At 9 pm on 18 April 1775, the tireless Dr. Joseph Warren, one of the few remaining Sons of Liberty in Boston, informed William Dawes and Paul Revere to be prepared to ride. Both Dawes and Revere were couriers for the Sons of Liberty, and Revere had even warned Lexington and Concord of the impending raid two days before. But a general alarm to raise the minuteman companies was beyond Warren’s sole authority. The Massachusetts’s Provisional Council required the five members of the Committee of Public Safety to unanimously vote to raise the alarm. Warren was the only member in Boston. Three were staying at the Black Horse Tavern in Menotomy, across the river, and the fourth was in Charlestown. Traveling and gathering them up for the vote would take time and possibly cause a later alert, if the British moved while he was away. He decided to stay and personally oversee the placing of the lanterns in the Old North Church

Dr. Warren was waiting for the British to move before sending the initial signal. Revere had actually coordinated the system two days before but it was left to Warren to actually initiate it. If Revere and Dawes saw one lantern in the steeple, the British raiding force was moving via the Boston Neck; if there were two lanterns, they moved by boat across the Charles River estuary. They would then alert the countryside of the British Army’s movements and raise the minute companies; Dawes by the Neck and Revere by rowing to Cambridge first. The two riders were to meet Samuel Prescott, a Concord native, just past Lexington to make the journey to Concord. Neither Revere nor Dawes were familiar with the roads west of Lexington and Prescott was to be their guide.

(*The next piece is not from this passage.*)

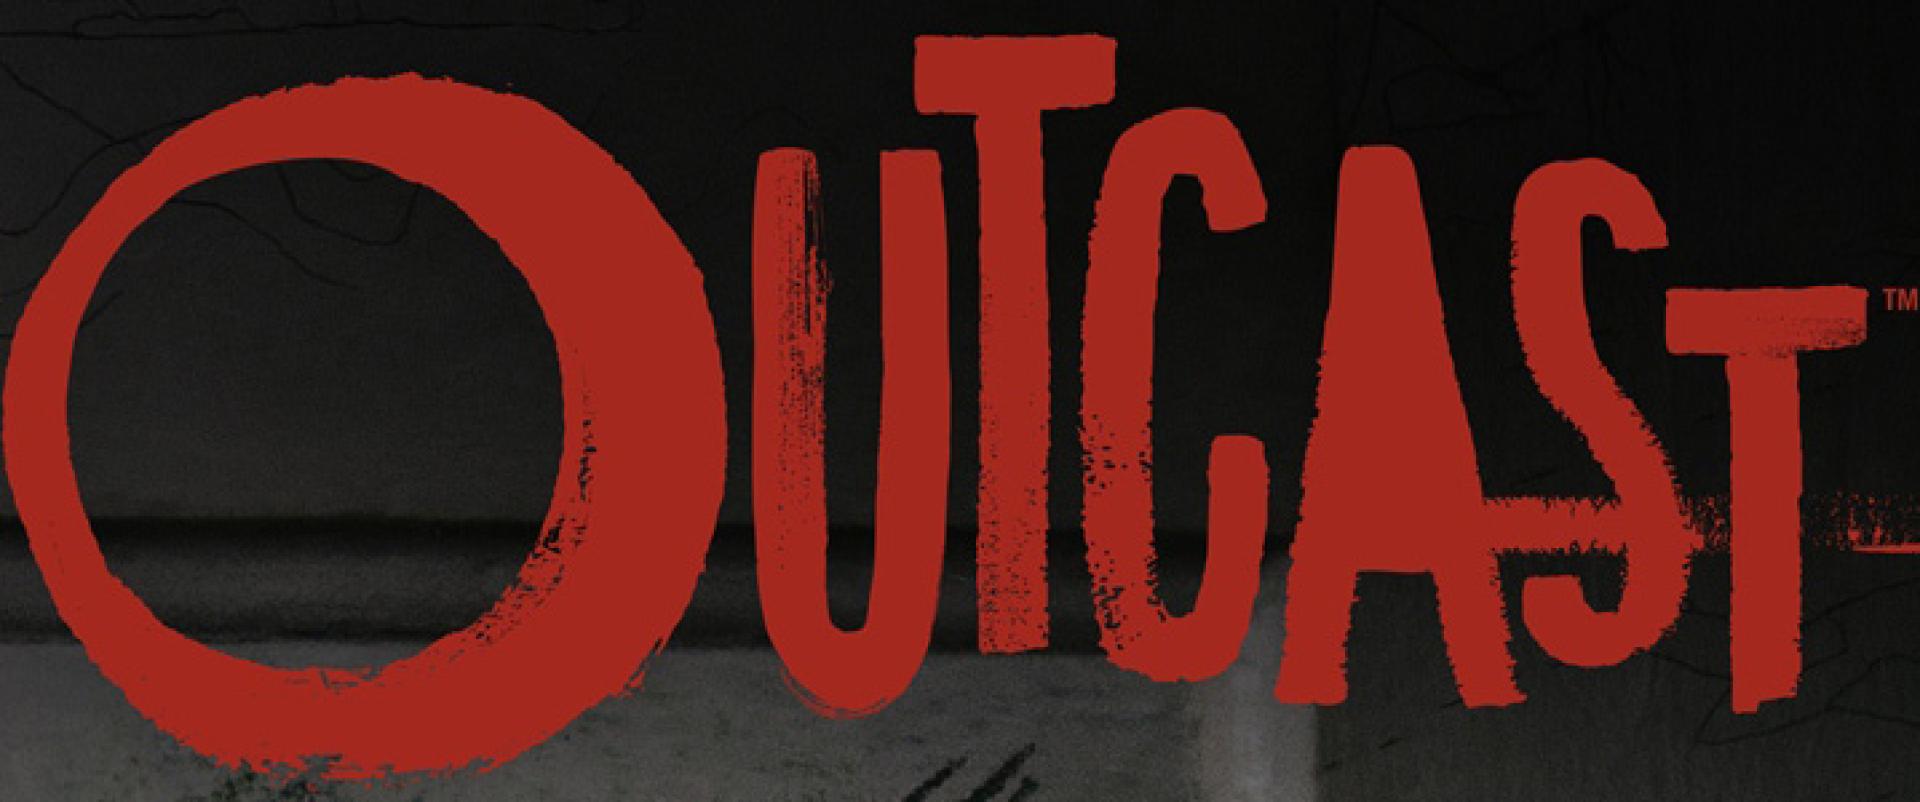 Outcast 1x02

The massing of boats and barges was a clear sign that the British were going to cross the estuary. It was only a question of when it was going to happen. Warren, Revere and Dawes did not have long to wait. It seemed everyone knew what was about except the British troops that were going to participate in the battle. About 9:30pm Lieut. Col. Francis Smith, the commander of the raid was finally informed of the mission.

At 10 pm, 18 April, 1775, 700 troops under Smith and his executive officer, Major John Pitcairn, loaded barges off of the Boston Commons. Dr. Warren immediately had two lanterns placed in Old North Church, and Revere and Dawes departed for Lexington and Concord, rousing minute companies along the way. Their routes were not always safe, Gage sent out officers on horseback to patrol the roads to prevent just such a warning. The British landed at Lechmere Point at 11pm and began their march on Lexington and Concord.